Regulation A+ will become effective June 19, 2015. It updates and expands Regulation A and was mandated by the Jumpstart Our Business Startups (JOBS) Act. Will it facilitate capital formation. I think wit probably will not because it requires greater expense than a Regulation D offering but does not offer the offering company the equity distribution to form a viable market in the way an IPO does.

The regulation provides for two tiers of offerings. Tier one provides for up to $20 Million in offerings in a 12 month period with not more than $6 Million by Selling Shareholders that are affiliates of the issuer. Tier two provides for offerings for up to $50 Million in a 12 month period with not more than $15 Million by selling shareholder affiliates.
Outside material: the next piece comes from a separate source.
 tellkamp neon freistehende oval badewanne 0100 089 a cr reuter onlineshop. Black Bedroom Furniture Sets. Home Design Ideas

The regulation limits sales by all selling shareholders to no more than 30% of the issuers initial Reg A offering and for subsequent Reg A offerings in the 12 months following the initial offering.
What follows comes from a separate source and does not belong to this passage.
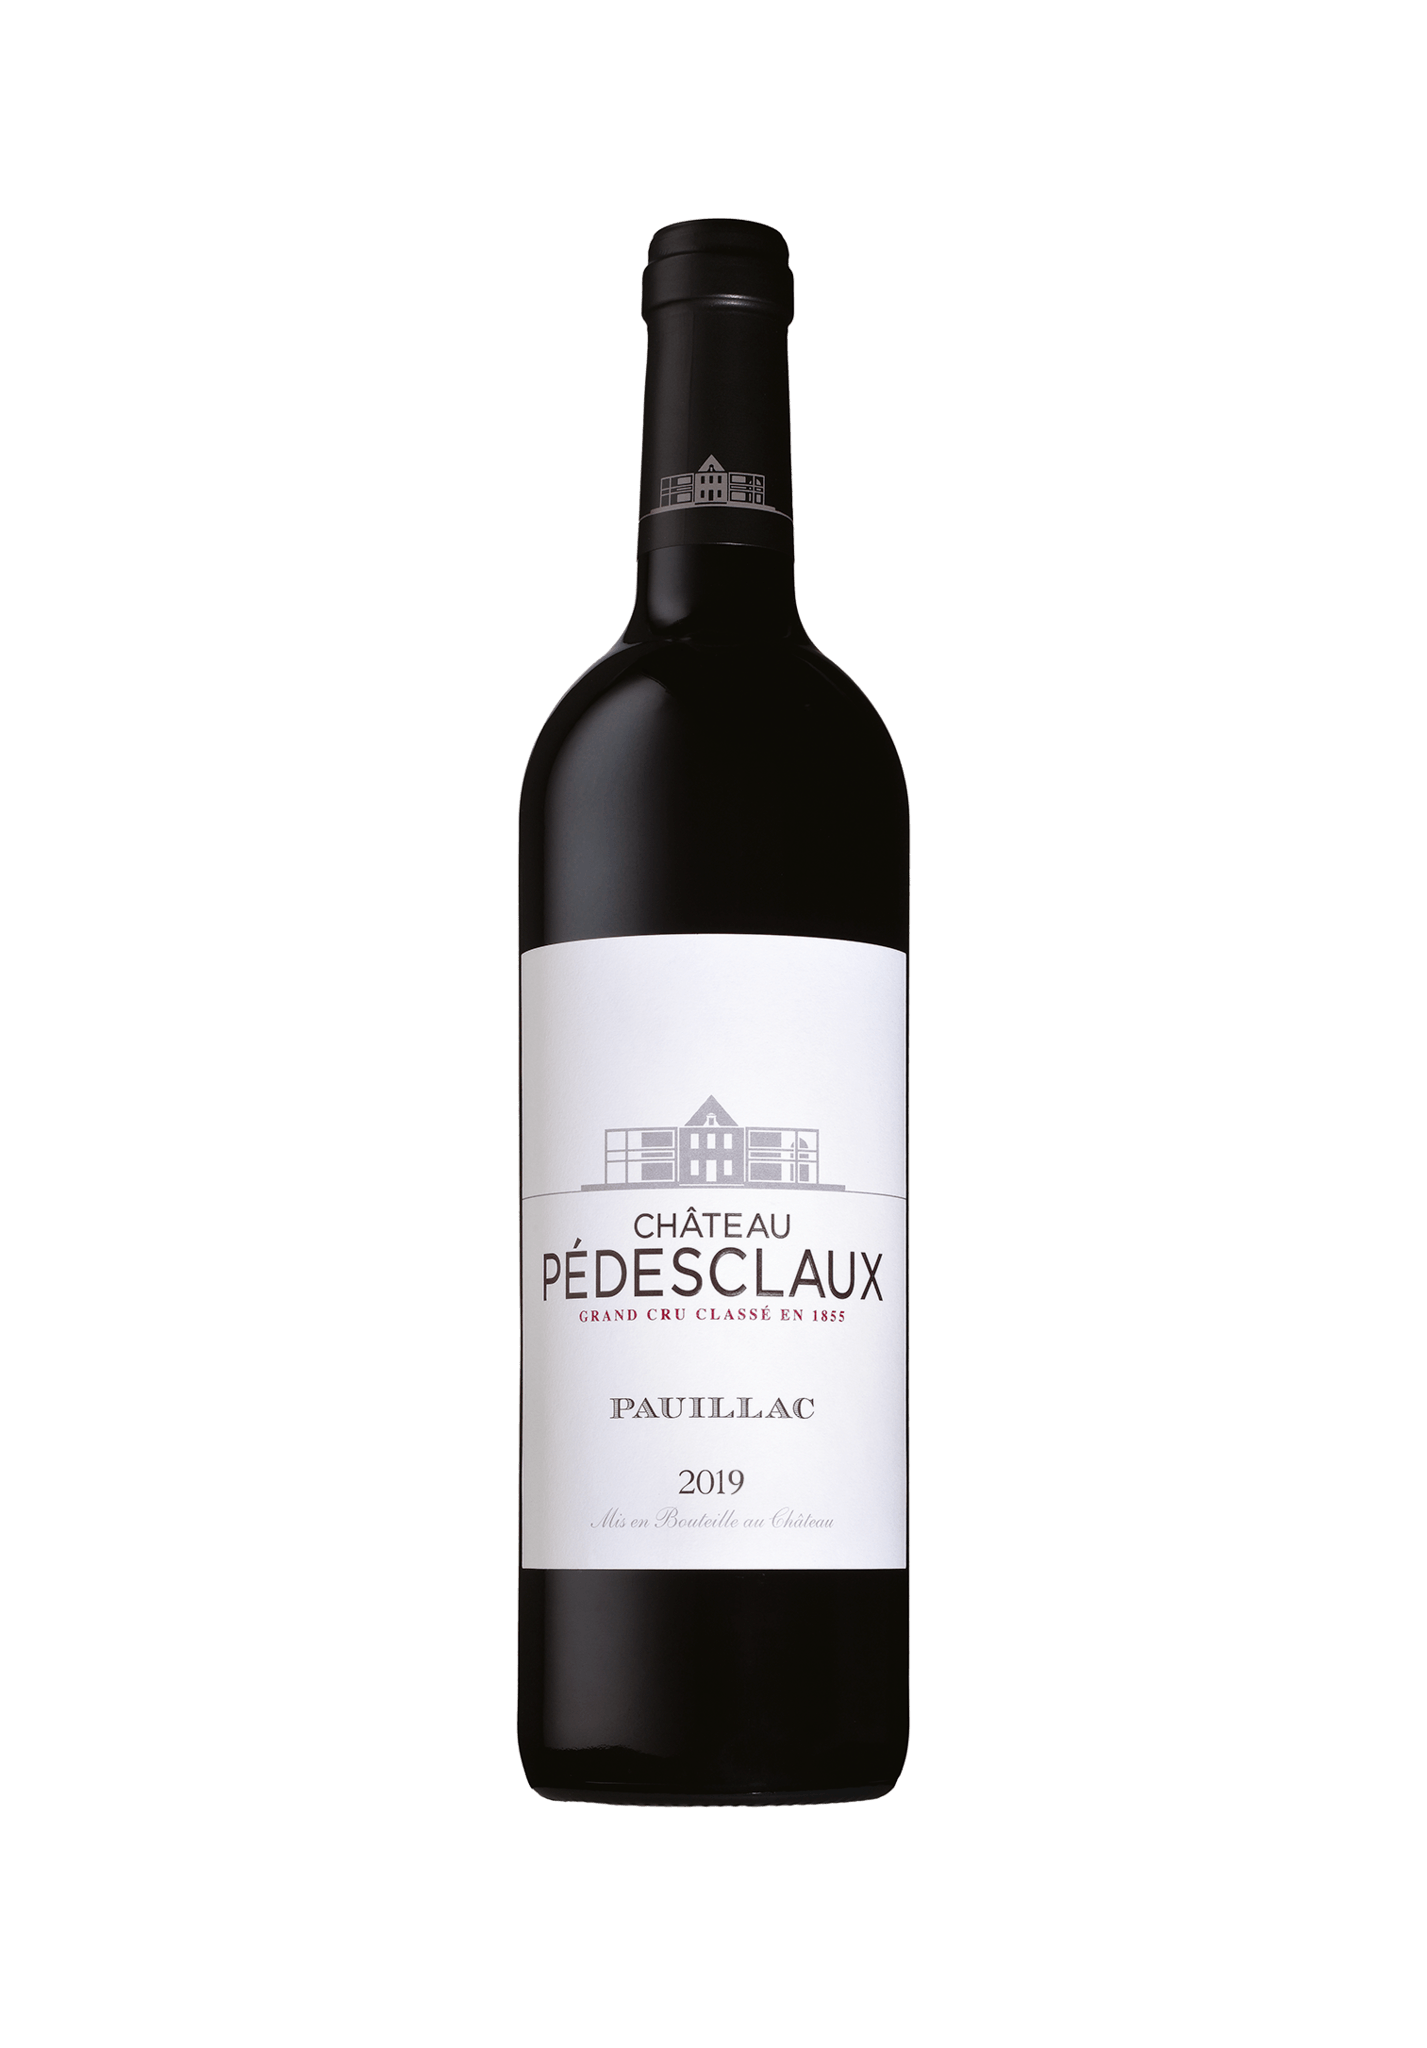 The Wines - Chateau Pedesclaux

Both Tier one and Tier two offerings permit issuers to submit draft offering statements for non public review bye SEC staff, permit the use of offering materials after filing the offering statement and require electronic filings.

In addition issuers utilizing Tier 2 must:

  1. Provide audited financials,
  2. File annual semiannual and current event reports,
  3. Have limitation upon non-accredited investors.

Both tiers have disclosure requirements and certain Tier 2 offerings preempt certain state security laws. The latter is being challenged in court by Secretary Galvin.